▶ [DATA EXTRACT]:

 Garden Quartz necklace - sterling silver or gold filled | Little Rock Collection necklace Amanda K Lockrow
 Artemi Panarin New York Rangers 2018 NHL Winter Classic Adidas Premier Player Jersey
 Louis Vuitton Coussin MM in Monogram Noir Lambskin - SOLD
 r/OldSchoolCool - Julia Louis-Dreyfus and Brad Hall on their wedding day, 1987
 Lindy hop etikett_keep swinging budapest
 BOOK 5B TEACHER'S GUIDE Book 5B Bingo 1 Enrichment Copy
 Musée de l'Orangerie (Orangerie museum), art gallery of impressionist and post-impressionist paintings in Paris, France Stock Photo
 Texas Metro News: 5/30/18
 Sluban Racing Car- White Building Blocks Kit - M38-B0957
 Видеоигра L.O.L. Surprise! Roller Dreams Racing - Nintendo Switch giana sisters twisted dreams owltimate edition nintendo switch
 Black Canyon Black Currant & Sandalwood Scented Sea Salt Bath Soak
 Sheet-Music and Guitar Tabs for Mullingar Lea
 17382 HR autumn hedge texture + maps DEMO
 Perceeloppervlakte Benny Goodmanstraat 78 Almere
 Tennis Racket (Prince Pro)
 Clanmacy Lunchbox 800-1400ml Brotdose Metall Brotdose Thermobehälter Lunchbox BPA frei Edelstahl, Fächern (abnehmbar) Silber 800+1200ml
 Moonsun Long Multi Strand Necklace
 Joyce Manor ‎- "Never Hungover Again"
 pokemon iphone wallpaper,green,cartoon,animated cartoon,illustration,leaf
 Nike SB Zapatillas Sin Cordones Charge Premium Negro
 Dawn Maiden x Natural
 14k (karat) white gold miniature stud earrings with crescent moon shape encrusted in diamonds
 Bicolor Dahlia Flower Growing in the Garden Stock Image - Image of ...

▶ [WORK TO COMPLETE]:
Each line of the data needs to be repeated exactly.

▶ [RESULT OF THE TASK]:
 Garden Quartz necklace - sterling silver or gold filled | Little Rock Collection necklace Amanda K Lockrow
 Artemi Panarin New York Rangers 2018 NHL Winter Classic Adidas Premier Player Jersey
 Louis Vuitton Coussin MM in Monogram Noir Lambskin - SOLD
 r/OldSchoolCool - Julia Louis-Dreyfus and Brad Hall on their wedding day, 1987
 Lindy hop etikett_keep swinging budapest
 BOOK 5B TEACHER'S GUIDE Book 5B Bingo 1 Enrichment Copy
 Musée de l'Orangerie (Orangerie museum), art gallery of impressionist and post-impressionist paintings in Paris, France Stock Photo
 Texas Metro News: 5/30/18
 Sluban Racing Car- White Building Blocks Kit - M38-B0957
 Видеоигра L.O.L. Surprise! Roller Dreams Racing - Nintendo Switch giana sisters twisted dreams owltimate edition nintendo switch
 Black Canyon Black Currant & Sandalwood Scented Sea Salt Bath Soak
 Sheet-Music and Guitar Tabs for Mullingar Lea
 17382 HR autumn hedge texture + maps DEMO
 Perceeloppervlakte Benny Goodmanstraat 78 Almere
 Tennis Racket (Prince Pro)
 Clanmacy Lunchbox 800-1400ml Brotdose Metall Brotdose Thermobehälter Lunchbox BPA frei Edelstahl, Fächern (abnehmbar) Silber 800+1200ml
 Moonsun Long Multi Strand Necklace
 Joyce Manor ‎- "Never Hungover Again"
 pokemon iphone wallpaper,green,cartoon,animated cartoon,illustration,leaf
 Nike SB Zapatillas Sin Cordones Charge Premium Negro
 Dawn Maiden x Natural
 14k (karat) white gold miniature stud earrings with crescent moon shape encrusted in diamonds
 Bicolor Dahlia Flower Growing in the Garden Stock Image - Image of ...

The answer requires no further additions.